[Aim of the exercise]
Each line from the one with "Зеленский встретился с" through the last line of the material is to be printed exactly; no other line and no picture belongs in the copy.

[Information supplied]
*** Block opens ***

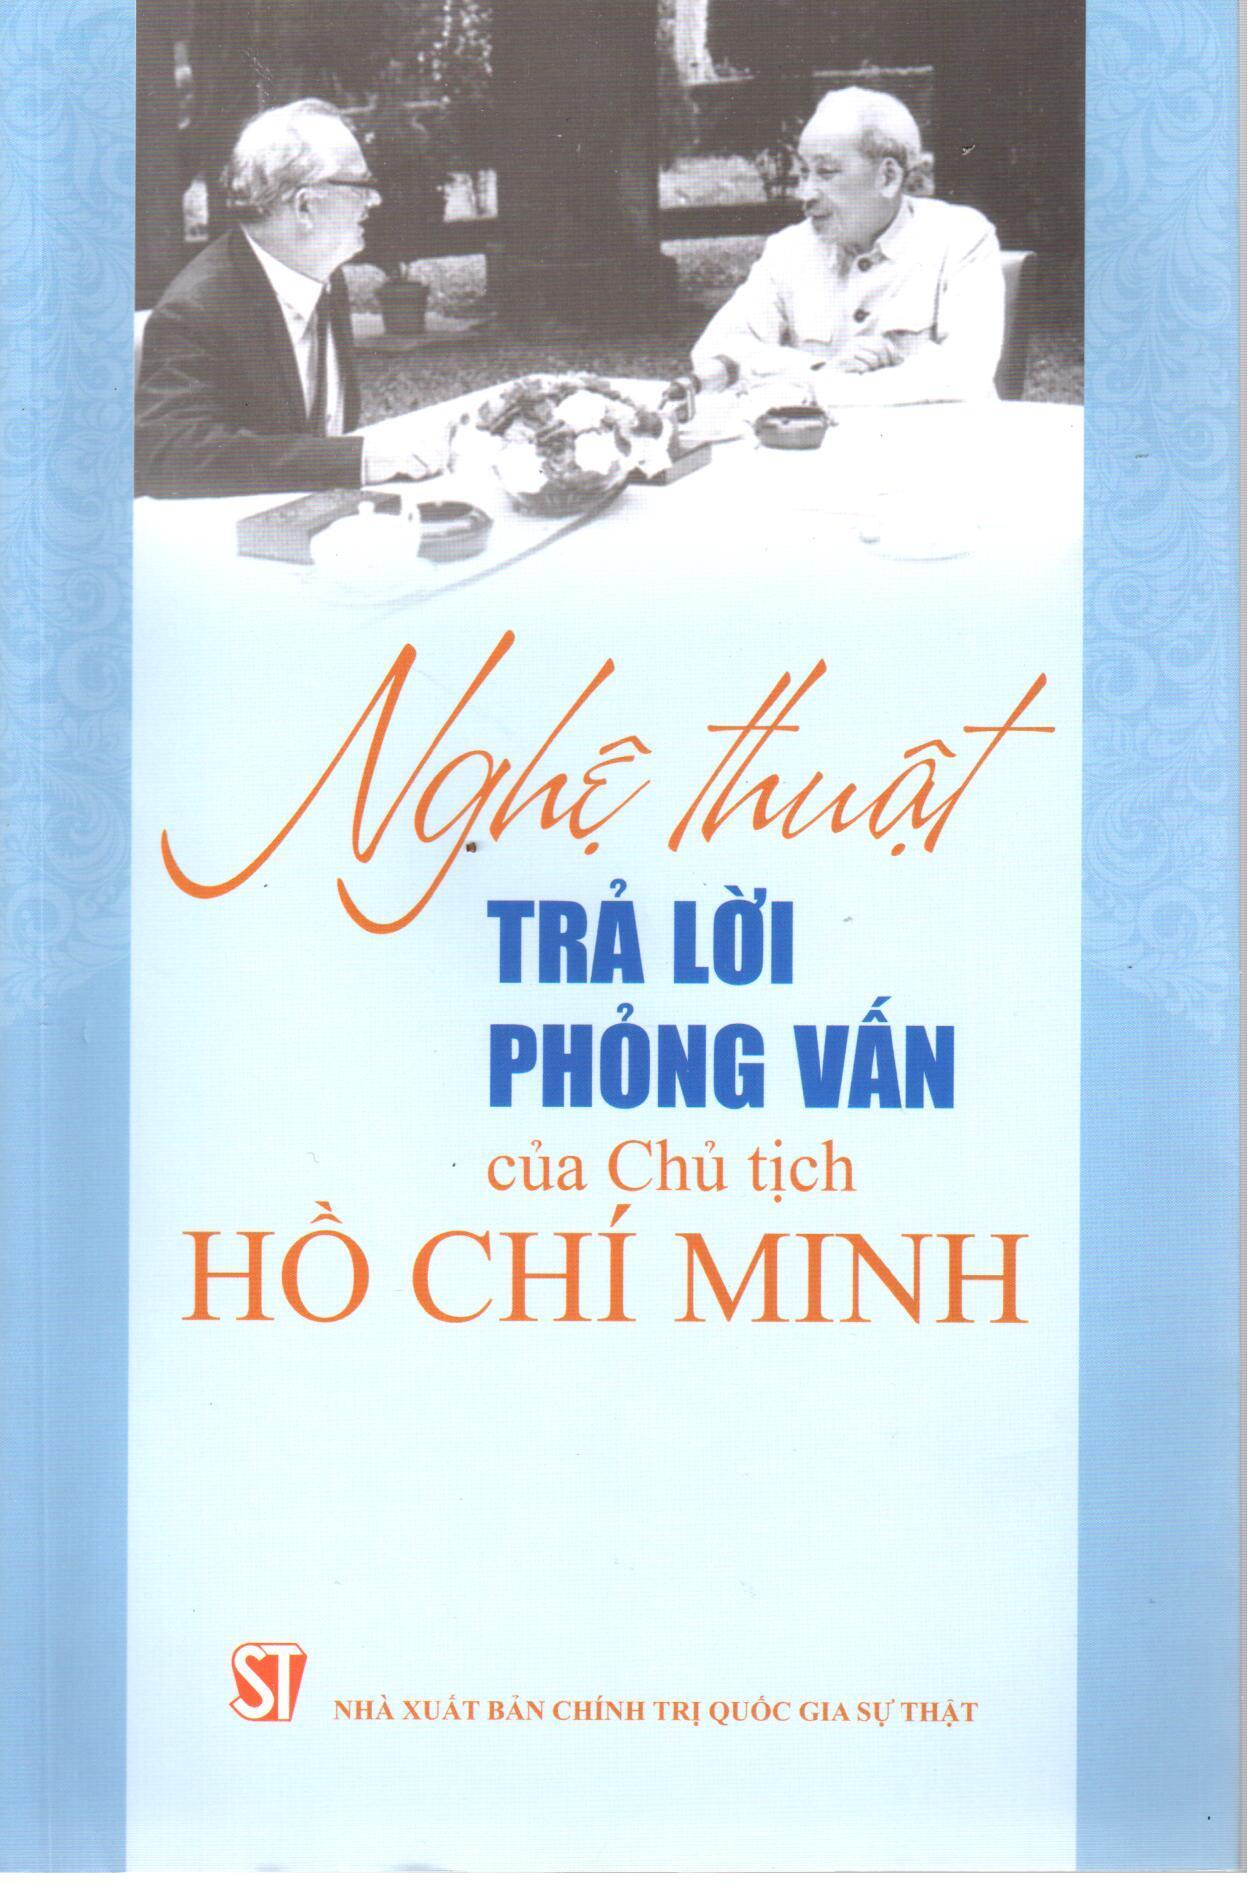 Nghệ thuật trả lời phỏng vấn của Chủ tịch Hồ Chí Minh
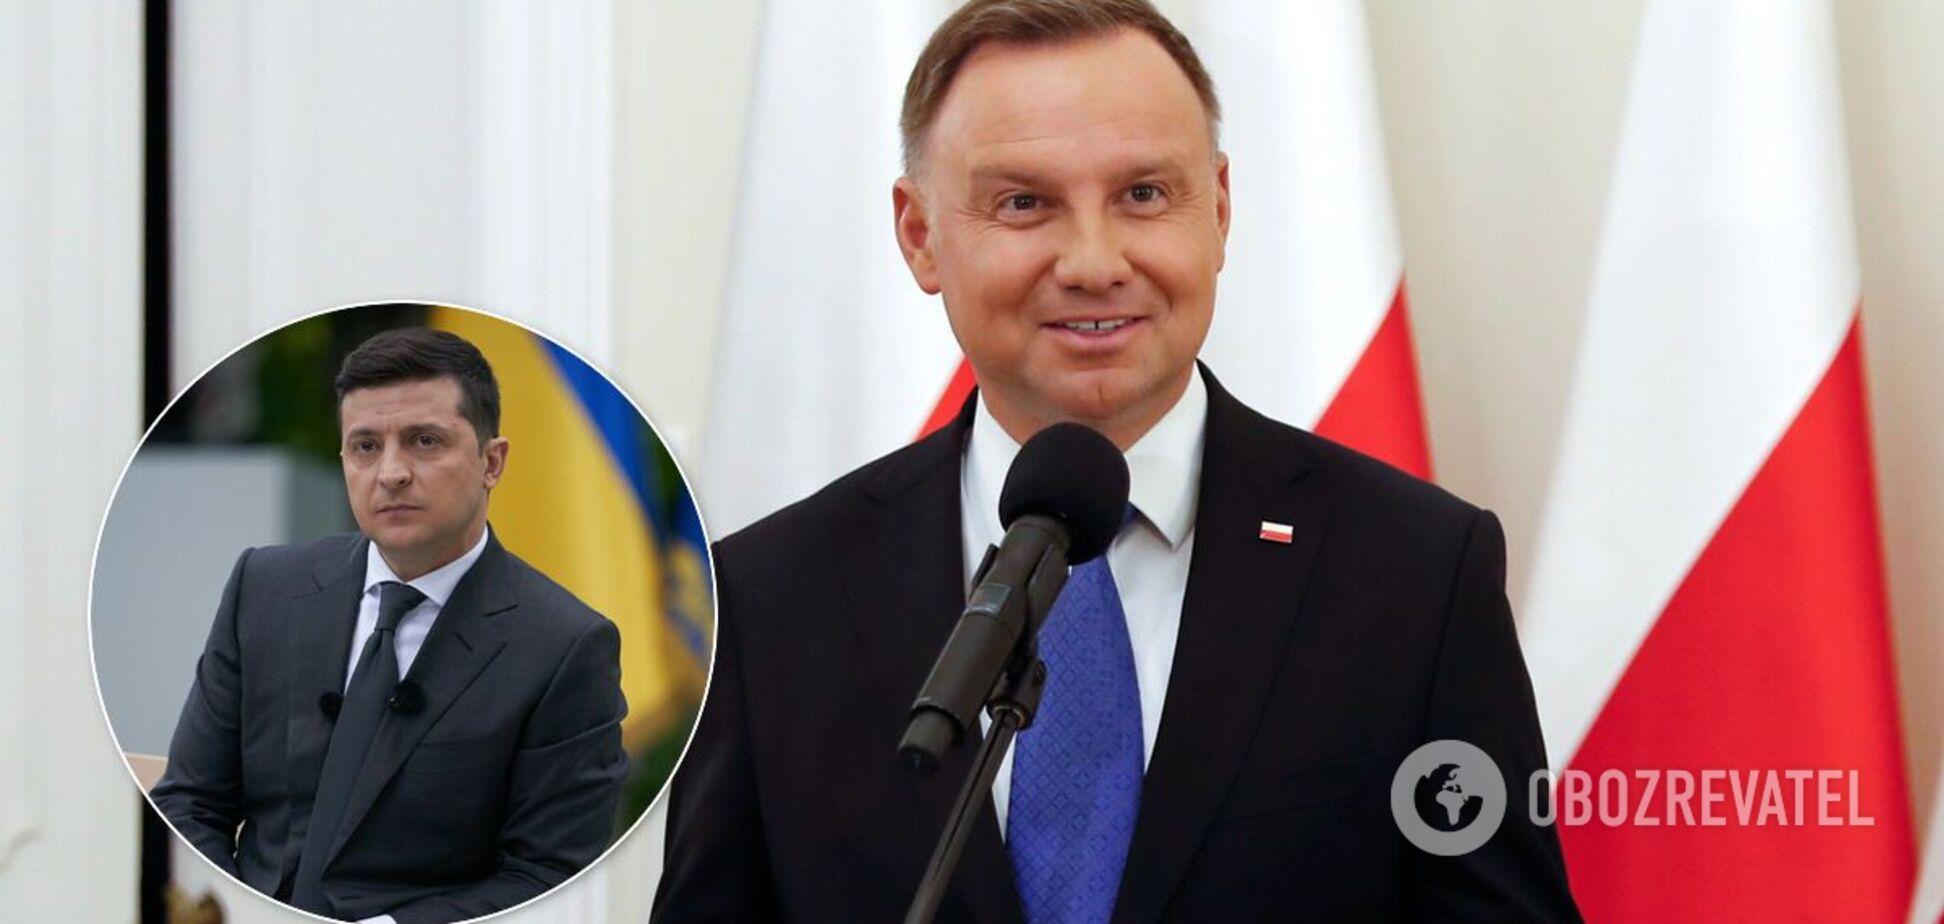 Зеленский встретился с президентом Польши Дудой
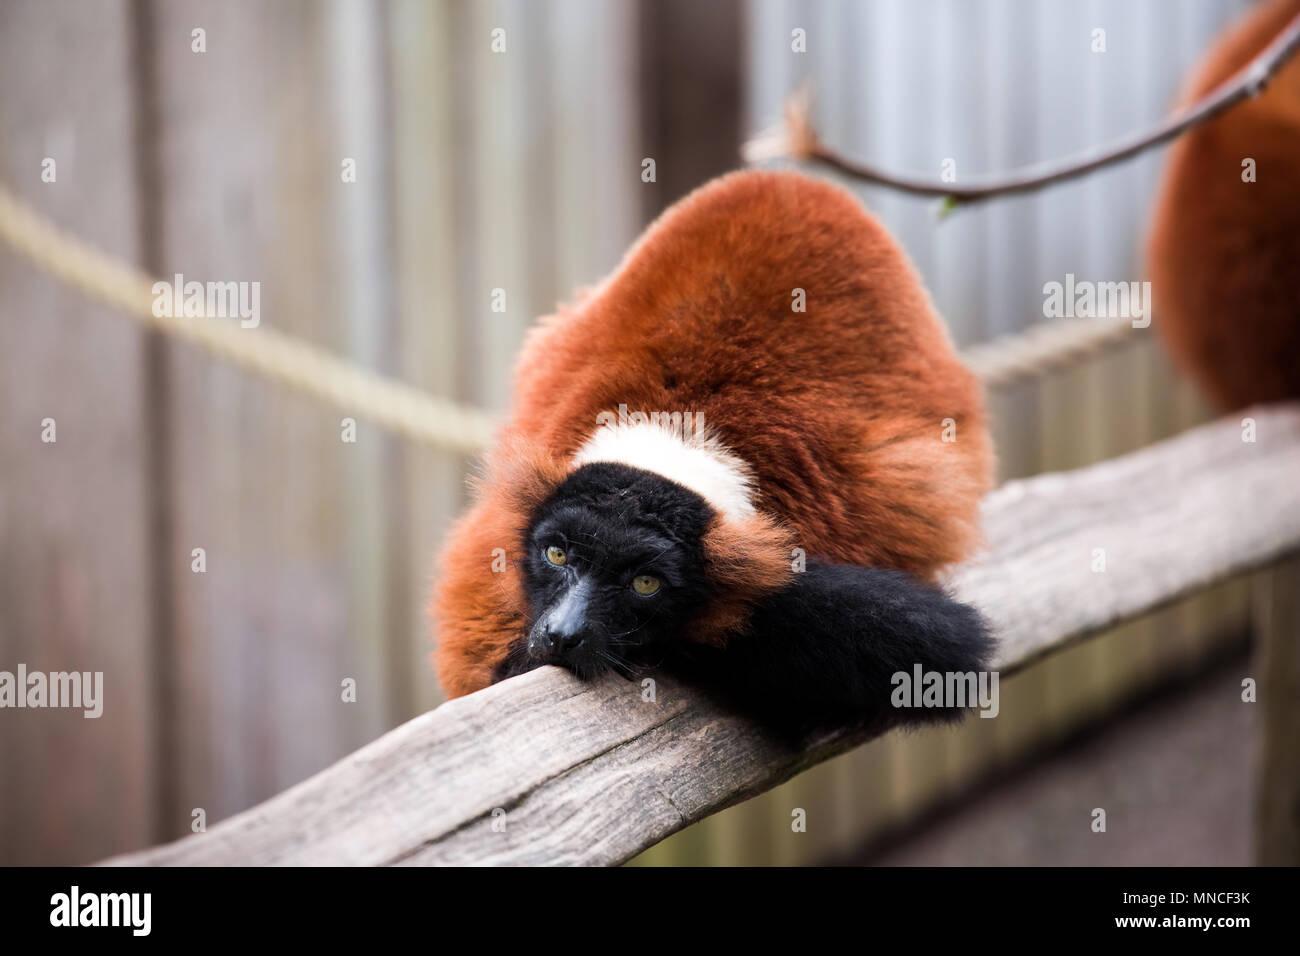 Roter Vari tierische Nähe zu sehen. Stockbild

*** Block closes ***

[Task output]
 Зеленский встретился с президентом Польши Дудой
 Roter Vari tierische Nähe zu sehen. Stockbild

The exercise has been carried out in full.